SAWT BEIRUT INTERNATIONAL

| 19 April 2024, Friday |

G7 should show strong will on Russia’s offensive in Ukraine: Japan PM Kishida

The G7 summit which will be held in Hiroshima in May should show a strong will on Russia’s offensive in Ukraine, said Japanese Prime Minister Fumio Kishida, pointing out that the aggression in Kyiv is not only a European problem but also a challenge to the very rules and principles of the international community. Speaking to reporters following Friday’s Japan-United States summit, Prime Minister Kishida said, “As a result, (of ongoing dialogue with other partners) we were able to reaffirm our commitment that the G7 will unite and work together to safeguard the international order based on the rule of law. In our coordination in the run-up to the Hiroshima summit, the greatest issue was, needless to say, the Russian aggression against Ukraine, which will soon mark one year since the start,” news agency Reuters reported.
“I pointed out that the aggression against Ukraine is not only a European problem but also a challenge to the very rules and principles of the international community and agreed with the heads of state and government that the G7 Hiroshima summit should demonstrate a strong will to uphold the international order based on the rule of law,” Kishida said, adding, the leaders confirmed they would continue tough sanctions against Moscow and strong support for Ukraine.

He also stressed the importance of standing up to Russia’s invasion of Ukraine, saying if a unilateral change to the status quo went unchallenged, the same would happen elsewhere, including in Asia – an apparent reference to China’s vow to reunite with self-governed Taiwan, by force if necessary, Reuters reported.

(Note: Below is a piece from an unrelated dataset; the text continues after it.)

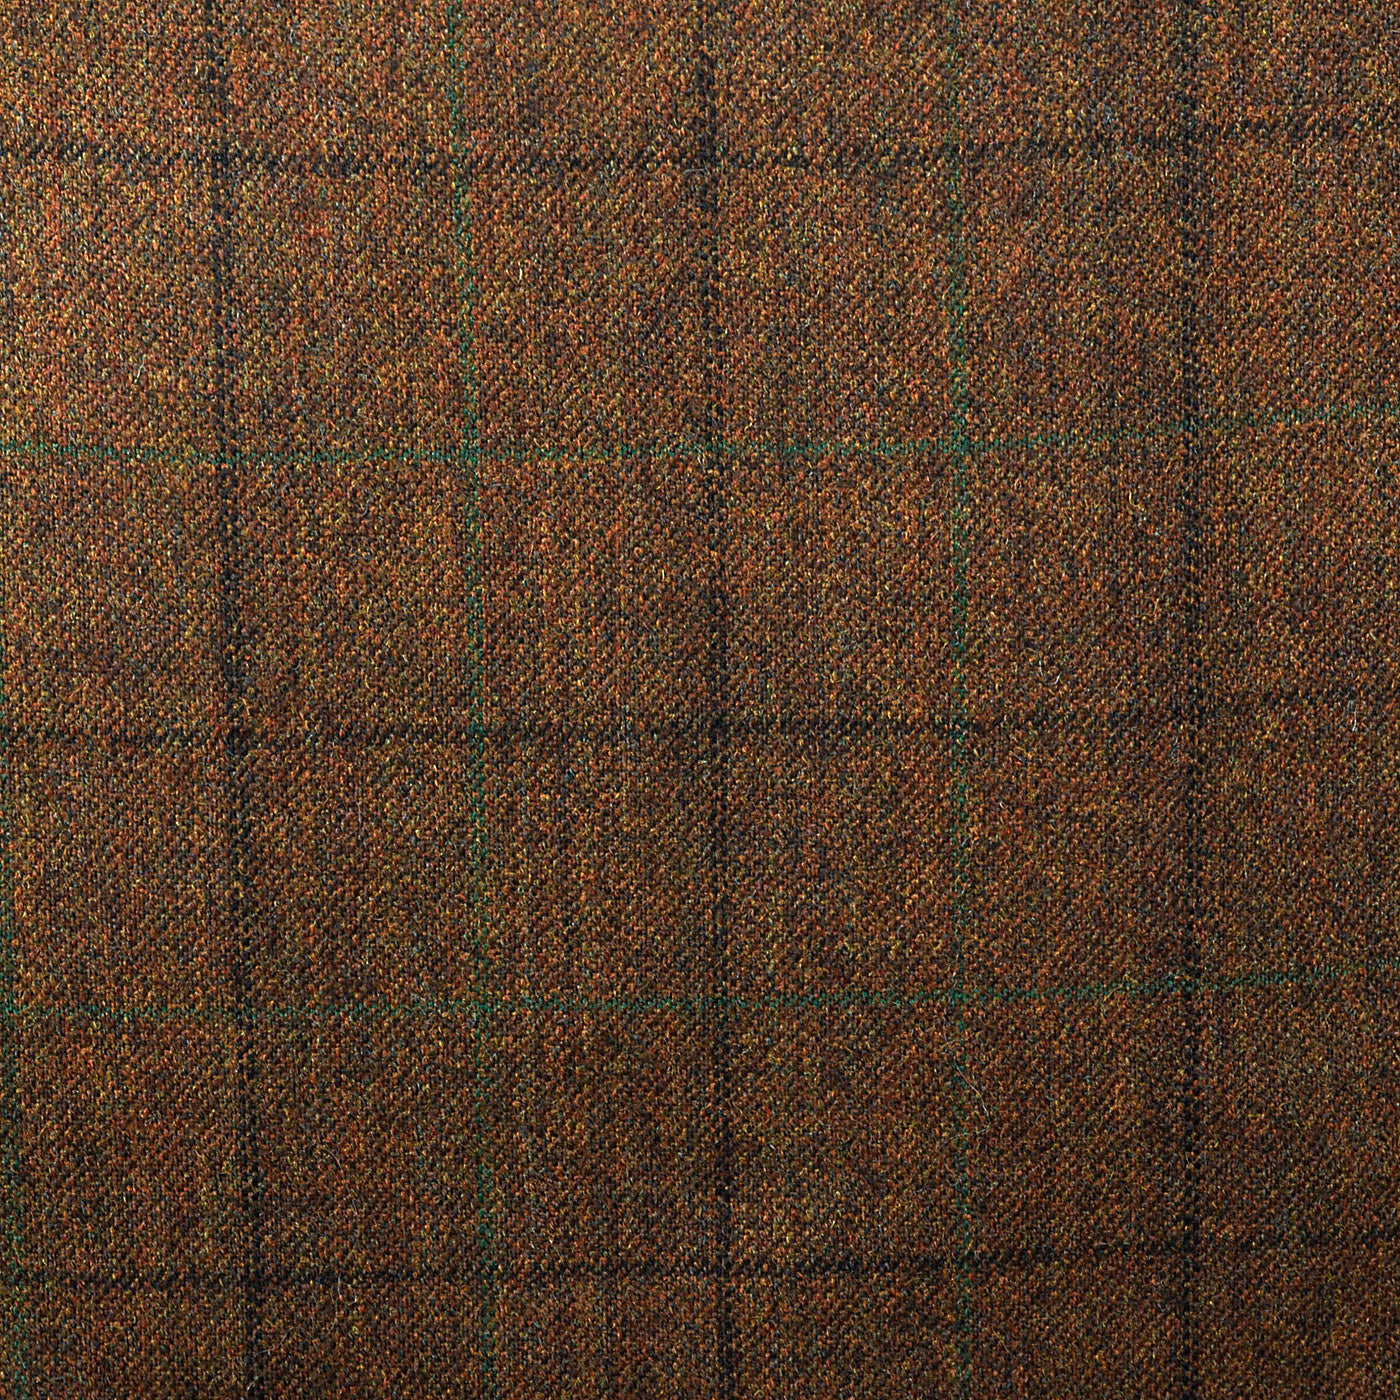 1970s Mens Brown Wool Windowpane Suit

The Japanese Prime Minister, who is in Washington on the last stop of a tour of G7 industrial powers and has been seeking to bolster long-standing alliances, met United States President Joe Biden for a bilateral meeting and the two leaders issued a joint statement which said that any use of a nuclear weapon by Russia in Ukraine would be an act of hostility against humanity and justifiable in any way.
Hitting back, former Russian President Dmitry Medvedev accused Fumio Kishida of shameful subservience to the US and suggested he should ritually Japanese Prime Minister should disembowel himself. A prominent ally of President Vladimir Putin, Medvedev said the nuclear statement showed “paranoia” towards Moscow and “betrayed the memory of hundreds of thousands of Japanese who were burned in the nuclear fire of Hiroshima and Nagasaki”- in a reference to the US dropping atomic bombs on these two Japanese cities in 1945. Medvedev said that rather than demanding repentance for this, Kishida showed that he was “just a service attendant for the Americans”. Kishida made no mention of these comments by the former Russian President.